Страница 107 из 123
Афик Амагалиев из «Хазарского ветра» — такой же слабо закамуфлированный альтер эго Мамедова, как и герой его следующего романа, — уже своим происхождением обречен на мультикультурную раздробленность сознания, странствия и отчужденность: полуазербайджанец-полуеврей, он родился и вырос в Баку, но перебрался жить в Москву. Казалось бы, обычное дело, но осложнен этот биографический набор еще двумя обстоятельствами: во-первых, сложная национальная идентичность помножена на смутное время перестроечных лет и этнических конфликтов той эпохи, во-вторых, усложнена фактом укорененности в насквозь литературном сознании героя, что порождает (или является ее следствием) совершенно своеобразную оптику рассказчика.

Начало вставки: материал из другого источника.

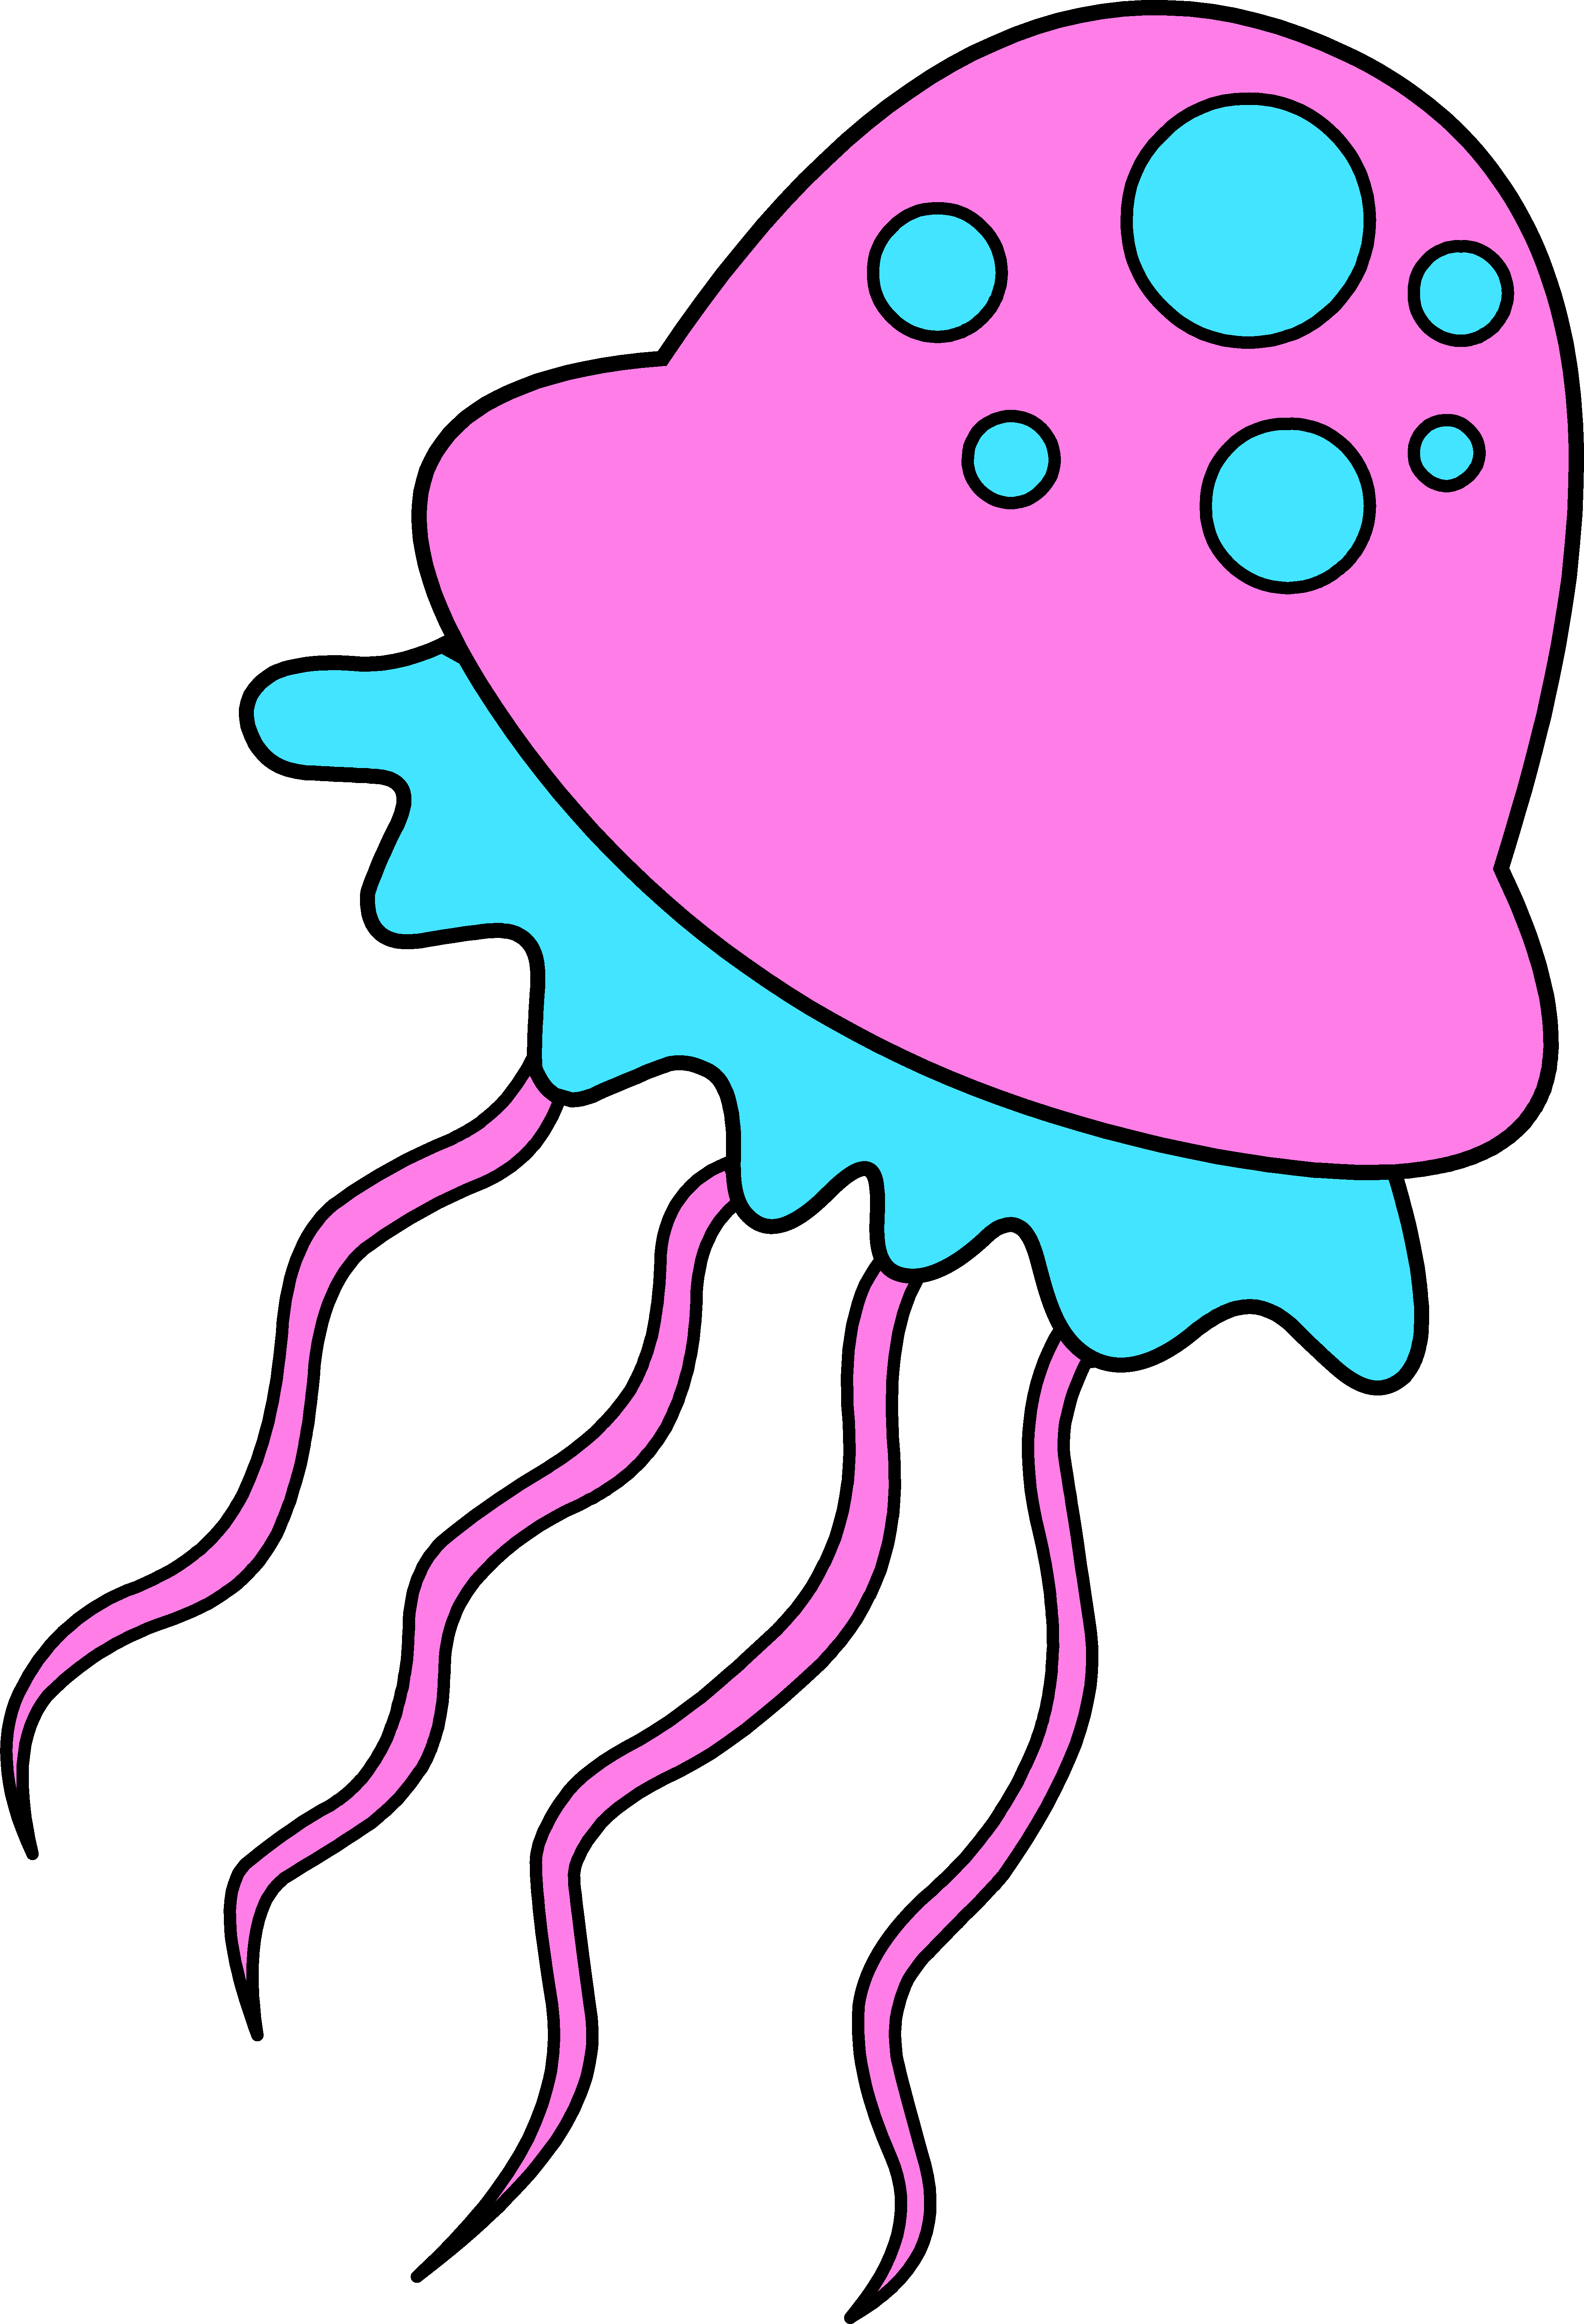 Pink and blue jellyfish. Poverty clipart hopeless
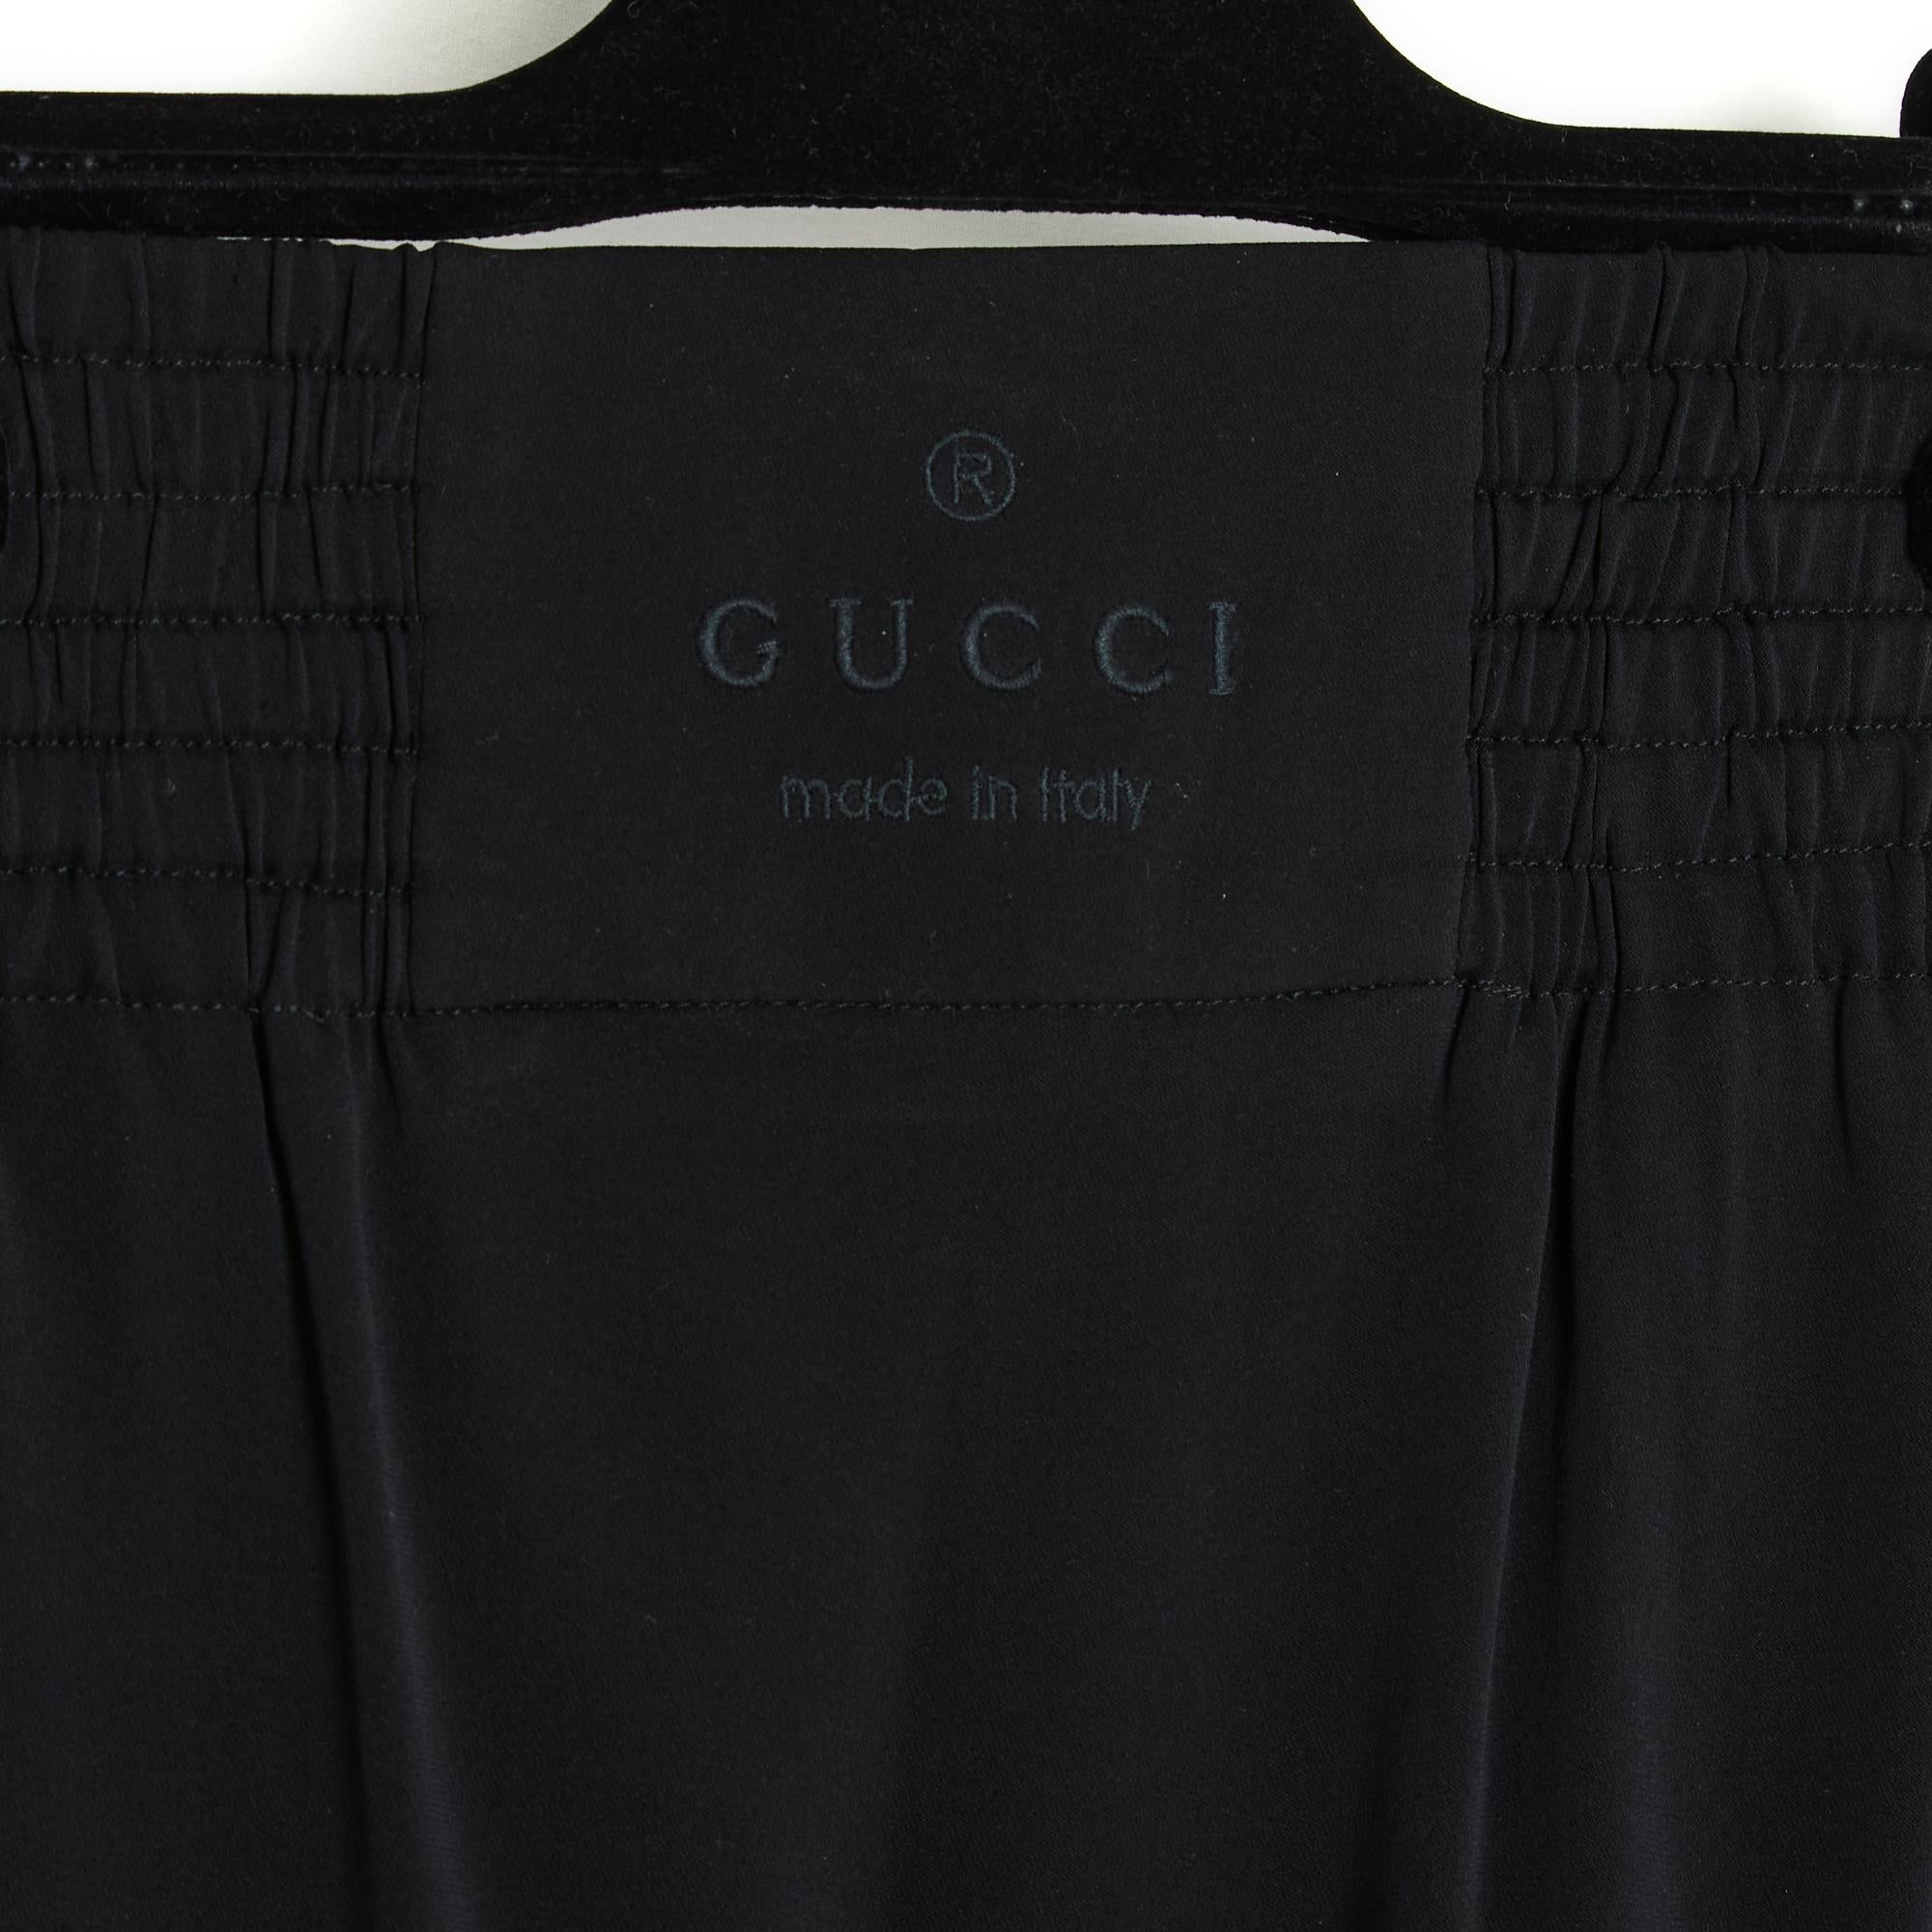 Short Gucci skirt in black silk crepe and elastane, boxer-style smocked elastic waist with smooth part embroidered with the Gucci logo on the front, 2 slit pockets closed with 2 Gucci logo snaps, unlined. Size 38IT or 34FR or UK 6 and US4: size

Примерами пестрят первые же страницы книги. Так, первая фраза «Хазарского ветра»: «Баку томила весна» — своеобразная интродукция к литературной игре, амбивалентности заложенных смыслов, их мерцающему многообразию: «томила» можно истолковать в значении и физического «утомления», и кулинарной готовки, списав оба факта на жару, а можно еще вспомнить зачин «Мастера и Маргариты» про необычайно жаркий май в Москве. Авторский текст полон экзотических и ностальгических воспоминаний о Баку, который — как Киев в «Белой гвардии» того же Булгакова — именуется чаще просто Городом: «<…> семнадцатиэтажка с падающим облицовочным туфом, раскаленные добела минареты Тэзэ-Пира, Девичья башня, остров Нарген, издали похожий на большую библейскую рыбу, треснувшие, истекающие соком гейокчайские гранаты, мужчины на рынках в кепках-„аэродромах“, в любую погоду сидящие на корточках и перебирающие четки с числовым скачком на последних зернах (2+1= для кого-то слава Богу, а кому-то не дай Бог) и непременным перебросом; девушки с кувшинами на плечах…» Но все это разведено, как коктейльная основа, крепким алкоголем, новым бытом: местную свадьбу отмечают по национальным обычаям (в шатре) и с советскими обрядами (загс, фотографии у памятника в центре города); индийские благовония привезены не купцами по Великому шелковому пути, а из магазина в Москве; молодую жену избивают по законам шариата у всех на виду, но конфликт разрешает могущественный милиционер и т. д. И покрыто это сверху изрядной долей литературной глазури: кавказская красавица оборачивается героиней Достоевского, а инцидент с поножовщиной местных авторитетов описан так же смачно, как эскапады Бени Крика у Бабеля…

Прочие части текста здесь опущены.